» **What the exercise asks**:
Below are entries with pictures in them. Output exactly the lines starting at the line with "Enjoy 3x faster" and ending at the line with "Girl Looking At", both included, but not the pictures.

» **Source records**:
*** Block opens ***

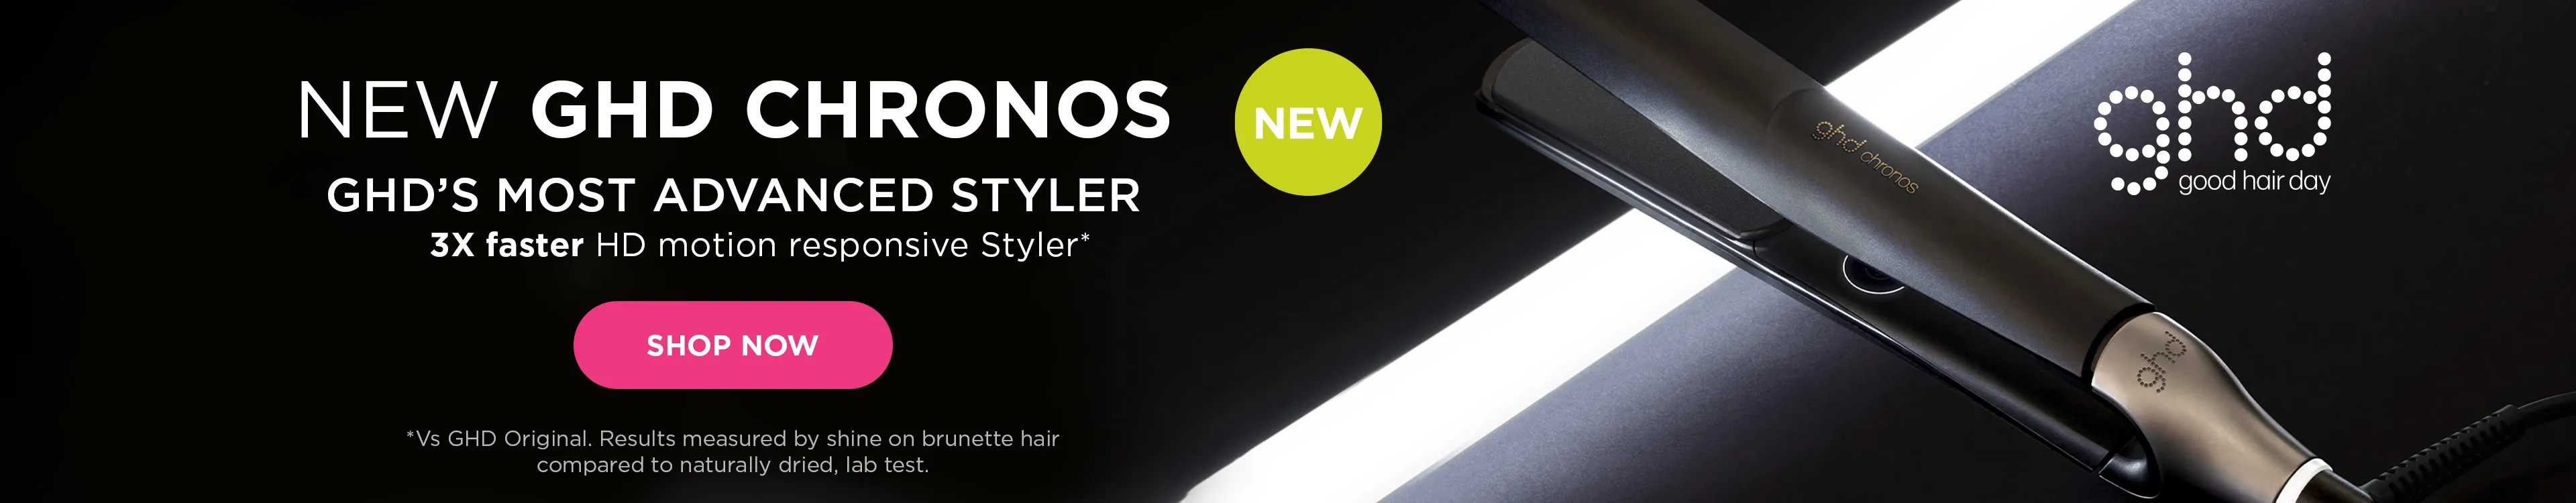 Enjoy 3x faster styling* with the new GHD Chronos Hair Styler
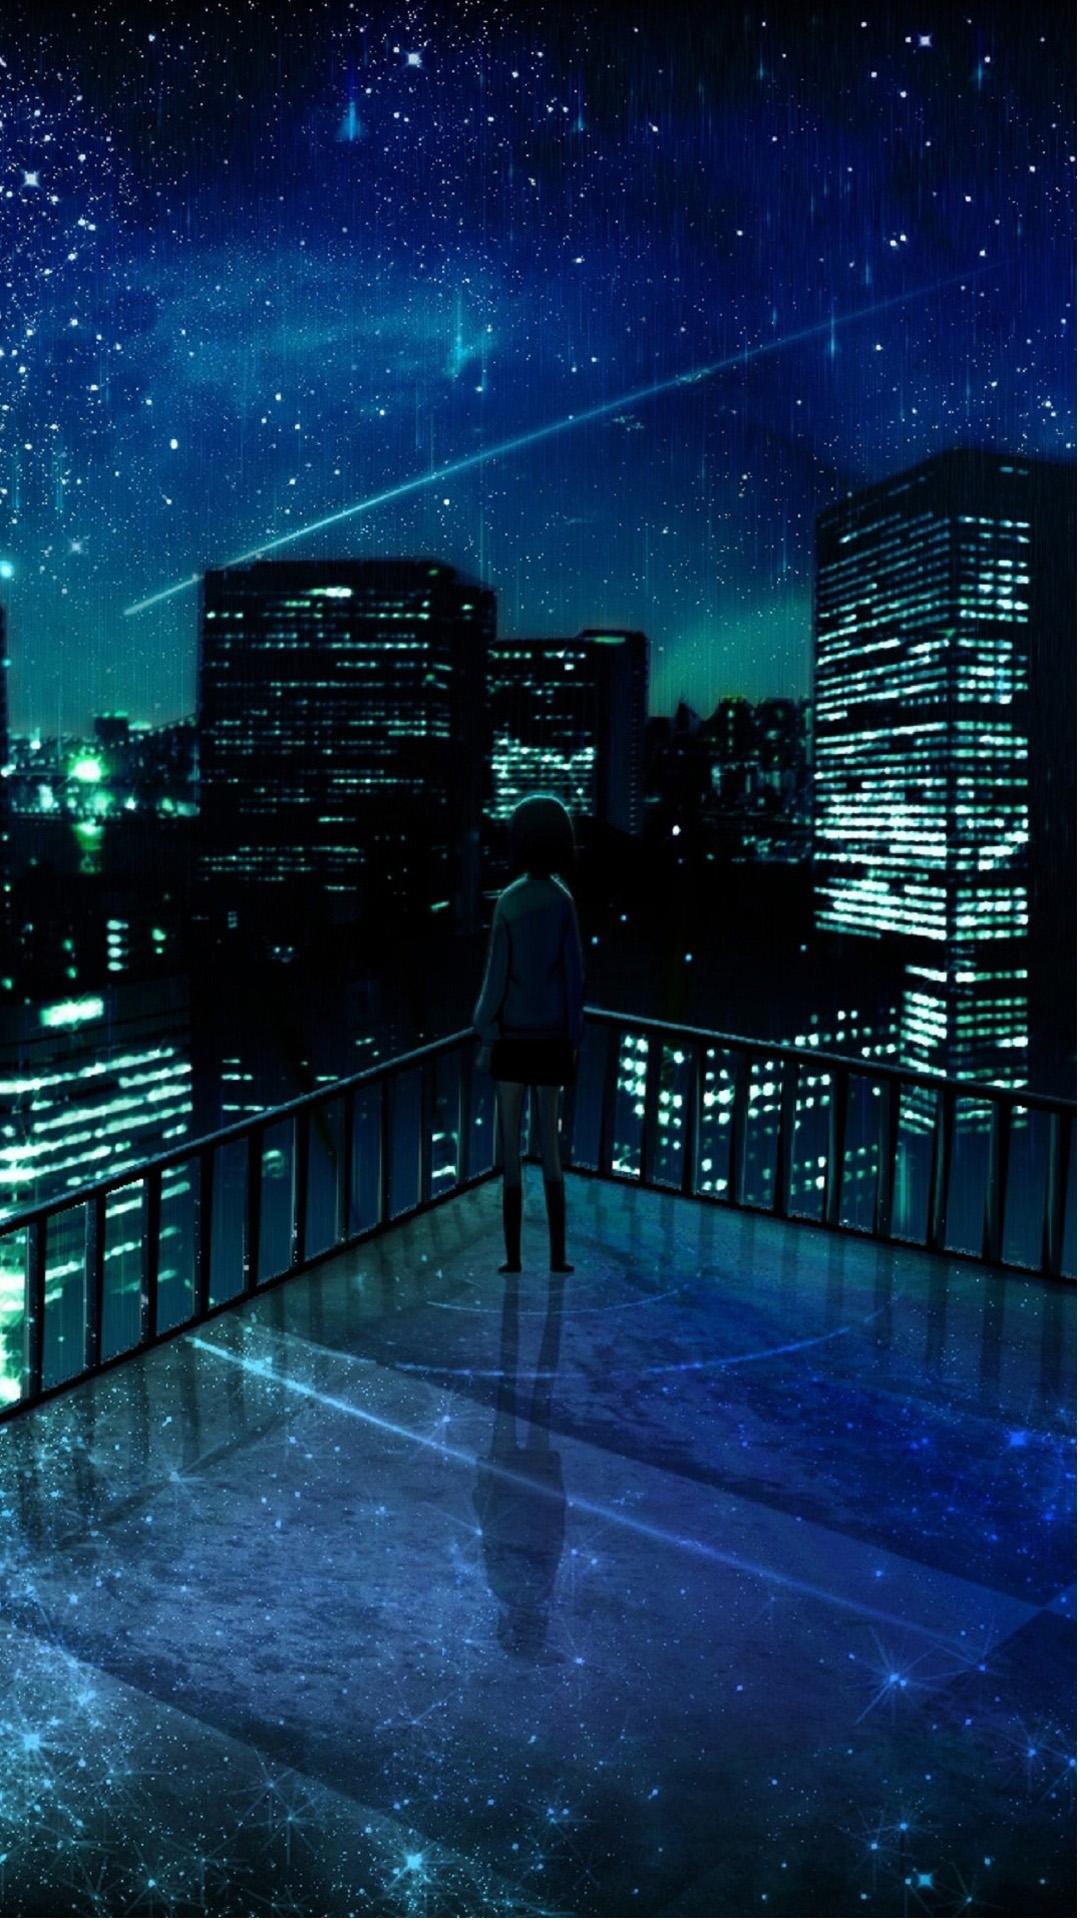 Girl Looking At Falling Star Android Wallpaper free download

*** Block closes ***
*** Block opens ***

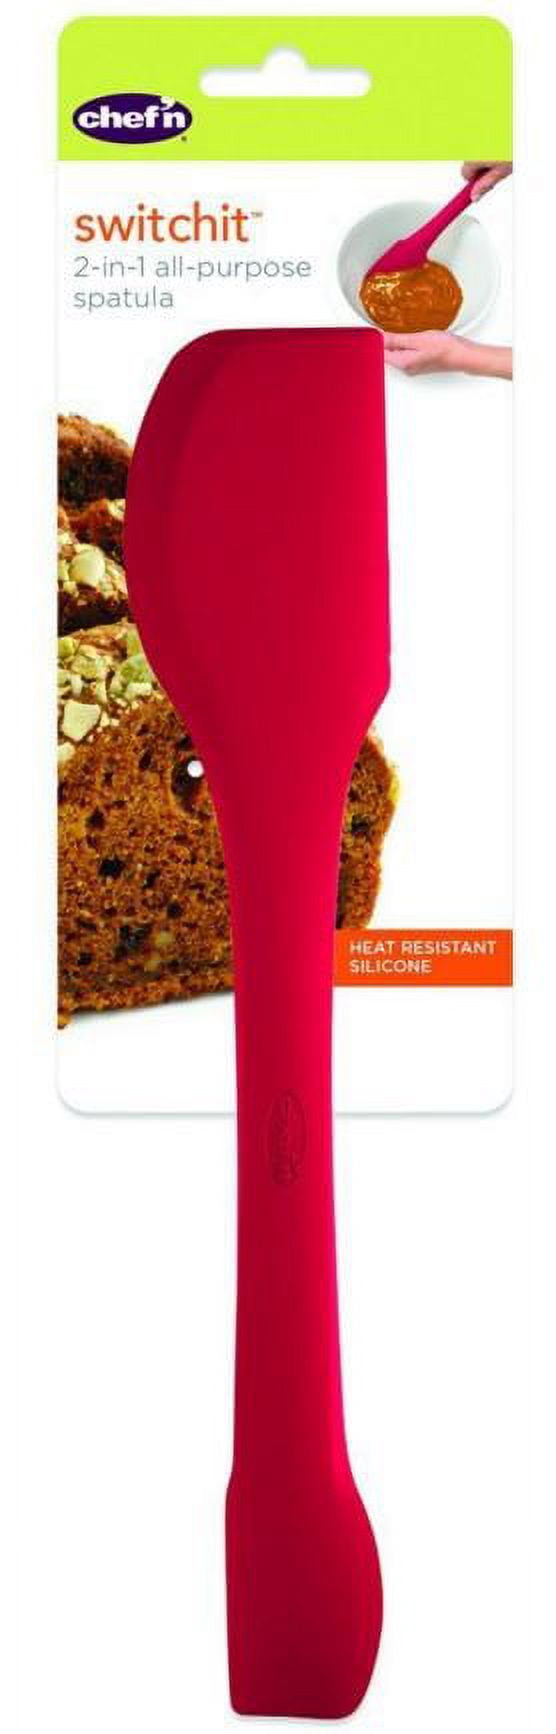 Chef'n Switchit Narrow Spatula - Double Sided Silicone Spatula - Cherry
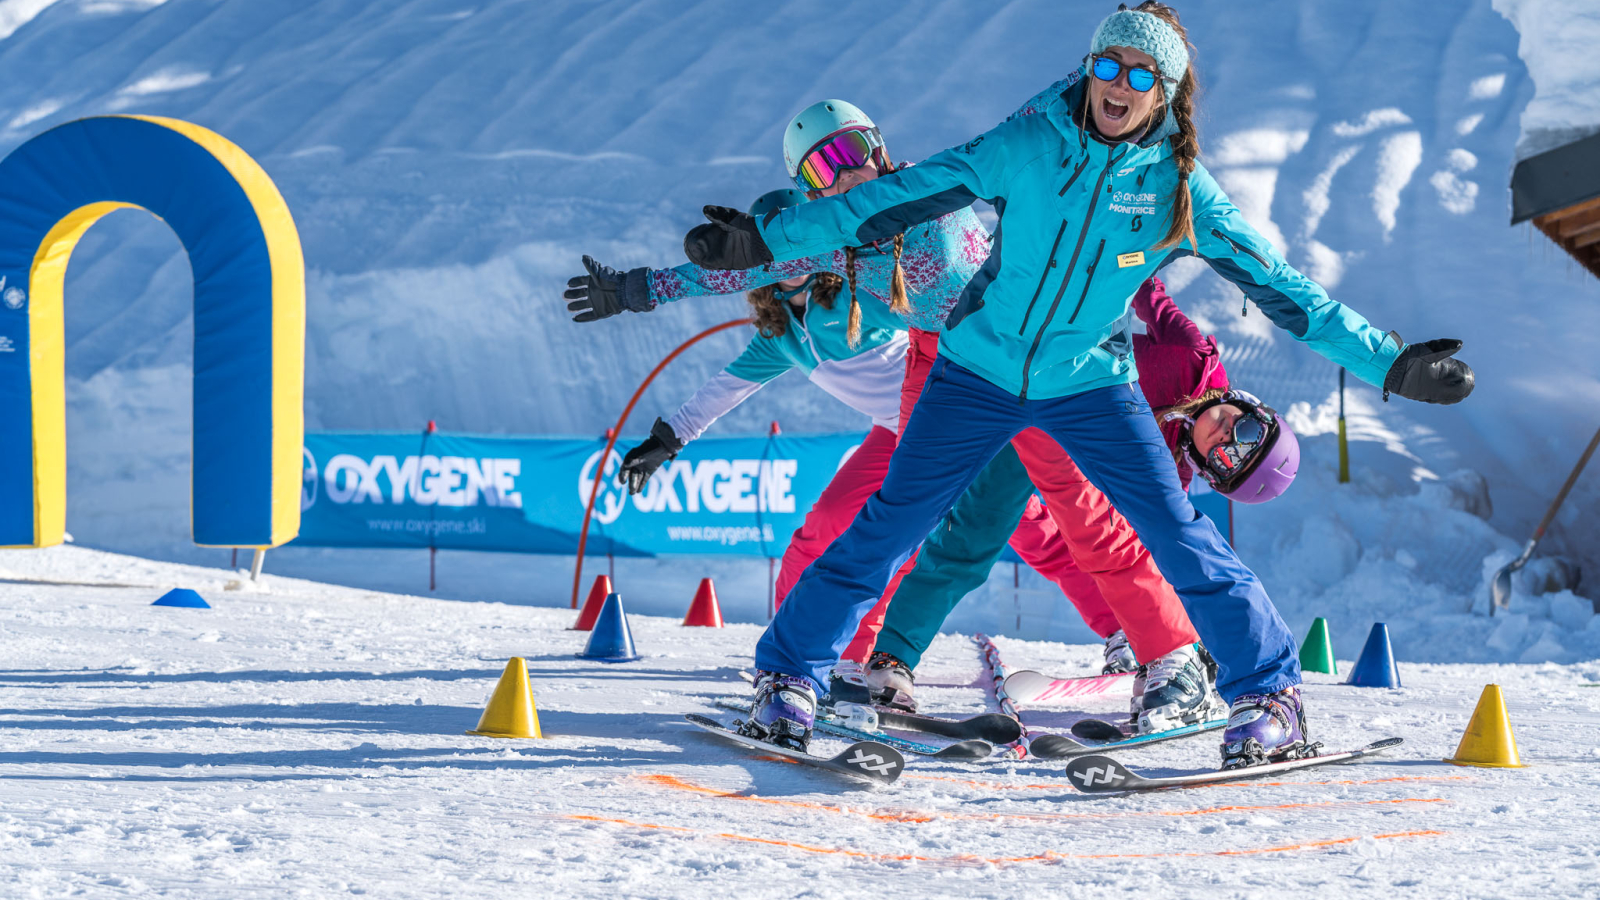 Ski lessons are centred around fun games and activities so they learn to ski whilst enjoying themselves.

*** Block closes ***

» **Written reply**:
 Enjoy 3x faster styling* with the new GHD Chronos Hair Styler
 Girl Looking At Falling Star Android Wallpaper free download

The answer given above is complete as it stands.